Follow the instructions in [Getting Started with Replicate](https://github.com/ibm-granite-community/granite-kitchen/blob/cee1513c77429d7ddbf0e5a49b29b7bc9ca0d996/recipes/Getting_Started/Getting_Started_with_Replicate.ipynb), selecting a Granite Code model from the [`ibm-granite`](https://replicate.com/ibm-granite) org.
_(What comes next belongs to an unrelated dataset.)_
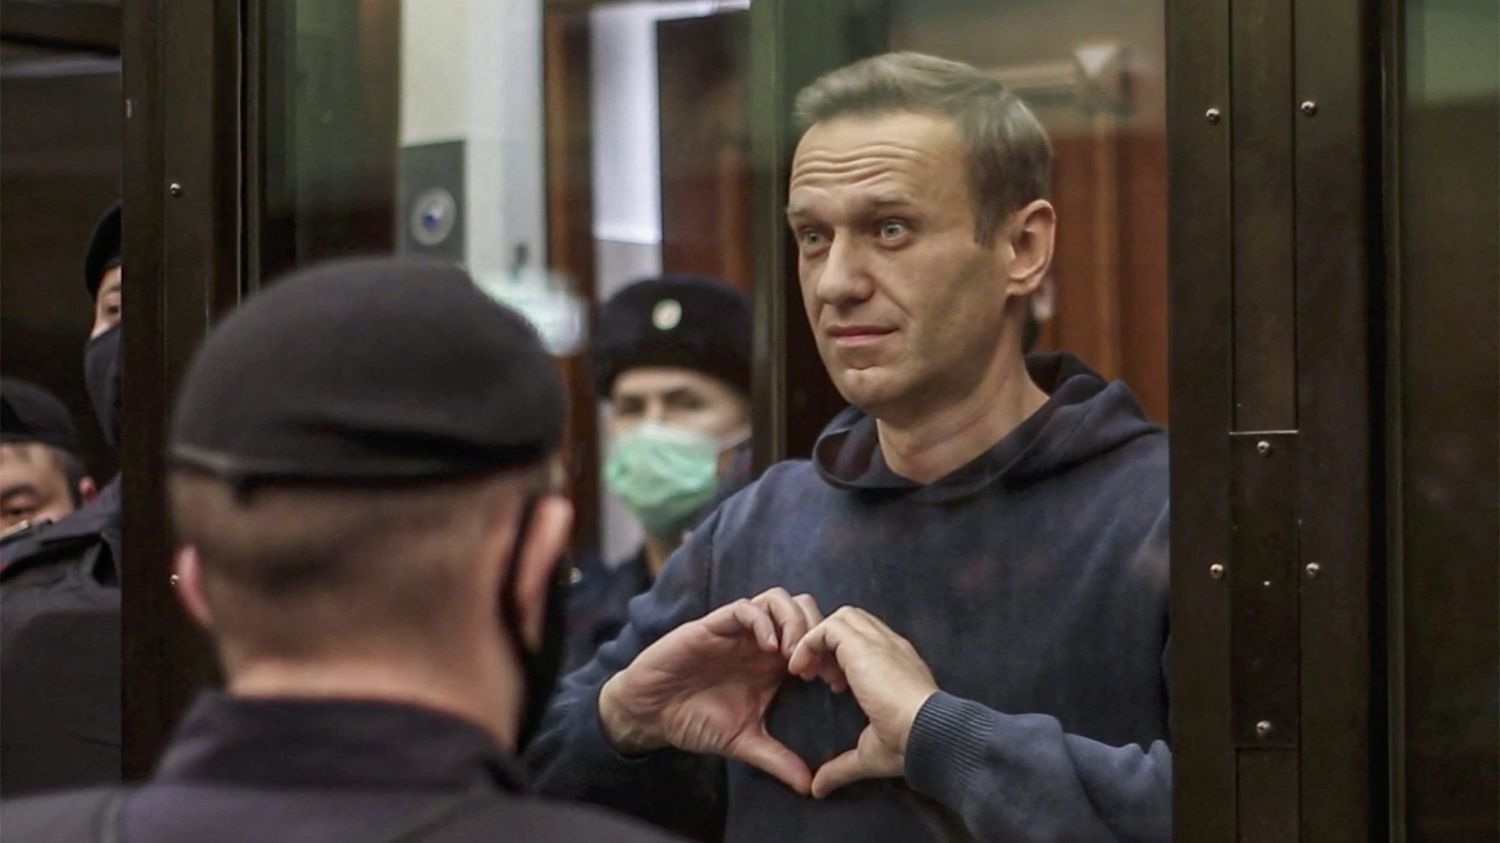 With Alexei Navalny, opposition “rises,” “fears are changing sides,” says one researcher

To connect to a model on a provider other than Replicate, substitute this code cell with one from the [LLM component recipe](https://github.com/ibm-granite-community/granite-kitchen/blob/main/recipes/Components/Langchain_LLMs.ipynb).

In [48]:
from langchain_community.llms import Replicate
from ibm_granite_community.notebook_utils import set_env_var, get_env_var

model = Replicate(
    model="ibm-granite/granite-3.0-8b-instruct",
    replicate_api_token=get_env_var("REPLICATE_API_TOKEN"),
)

## Get the tokenizer

Retrieve the tokenizer used by your chosen LLM.

In [49]:
from transformers import AutoTokenizer

model_path = "ibm-granite/granite-3.0-8b-instruct"
tokenizer = AutoTokenizer.from_pretrained(model_path)

## Acquiring the Data

We will use a New Hampshire case law dataset to help the model answer questions about NH laws.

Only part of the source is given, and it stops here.